Atama-yama focuses on a nameless, stingy old man, an archetypal character in the ancient tradition of Rakugo storytelling. He gluttonously eats a peck of cherries, pits and all, only to later find a cherry tree sprouting on the crown of his head. The illustrations and story are very humorous but take a contemplative turn towards the film's conclusion. Tokyo becomes a character in Atama-yama once again, this time, as Yamamura takes us through the seasons, symbolized through the growth, flowering, and death of Mt. Head’s cherry tree. Yamamura also spoke about identity, like his style, another shifting element in his animation. He felt that it was important to give all of the supporting characters in Atama-yama their own personality and idiosyncrasies, as a way of illustrating the diverse and sometimes strange character of Tokyo. Takeharu Kunimoto provided the voice of Mt. Head, singing the narrative in the Rokyuko style, traditionally paired with an instrument called the shamisen.
Music is an important component of Yamamura’s animations.

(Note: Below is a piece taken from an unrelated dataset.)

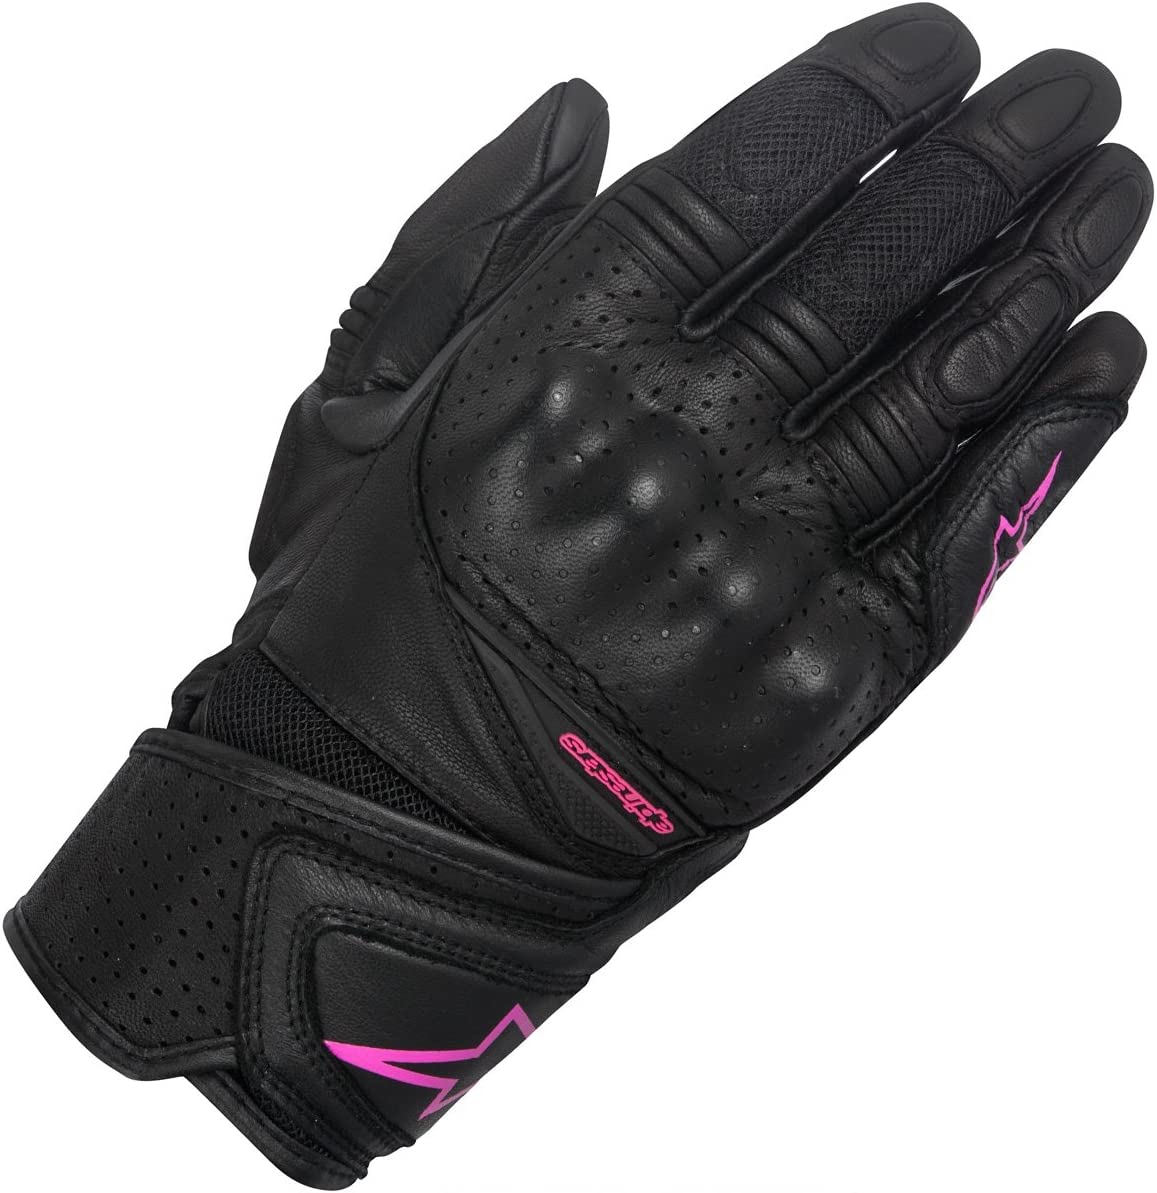 Small Alpinestars Womens Stella Baika Leather Motorcycle Riding Glove Black

For Country Doctor, Yamamura sought older, unique instruments for the soundtrack, for example, the ondes Martenot, one of the first electronic instruments ever made. The music adds greatly to the atmosphere of Country Doctor, easily the darkest of Yamamura’s films. The story follows a doctor who is called in the dead of winter to the deathbed of a young boy. However, more is at stake in this evening than a simple house call: fear is in the air, evil threatening, and anxieties at their peak. The tale is a psychological one, and so, Yamamura plays interestingly with the image of the head, skewing the physical boundaries of the skull as the doctor faces up to demons both real and imagined. I asked Yamamura what his thoughts are on the limits of the human mind. While remarking that it was a difficult question, he said that his films show the way his mind works and that one of the greatest mysteries in life is not knowing how other minds operate. If these animated visions say anything about the artist, it's that Yamamura has one beautiful and complex mind.
The screening consisted of 35 mm prints of Yamamura’s work, starting with Aquatic, followed by the whimsical and hysterical shorts Imagination (1993) and Your Choice! (1999), Atama-Yama, Old Crocodile (2005), Franz Kafka’s Country Doctor, and finally, A Child’s Metaphysics (2007). The last short was the most endearing, featuring content that Yamamura had workshopped with school children in various cities around North America. Here too, Yamamura illustrates the expansion and filling of young minds literally, pushing the boundaries of the imagination, as I am sure the school children themselves experienced.
Currently, Yamamura is in the final stages of completing a collaborative project with the NFB, the Japan Broadcasting Corporation, and Tokyo’s Polygon Pictures, called Muybridge’s Strings. The film is about motion picture pioneer, Eadweard Muybridge, but something tells me it will be about much, much more in the skilled hands of Koji Yamamura.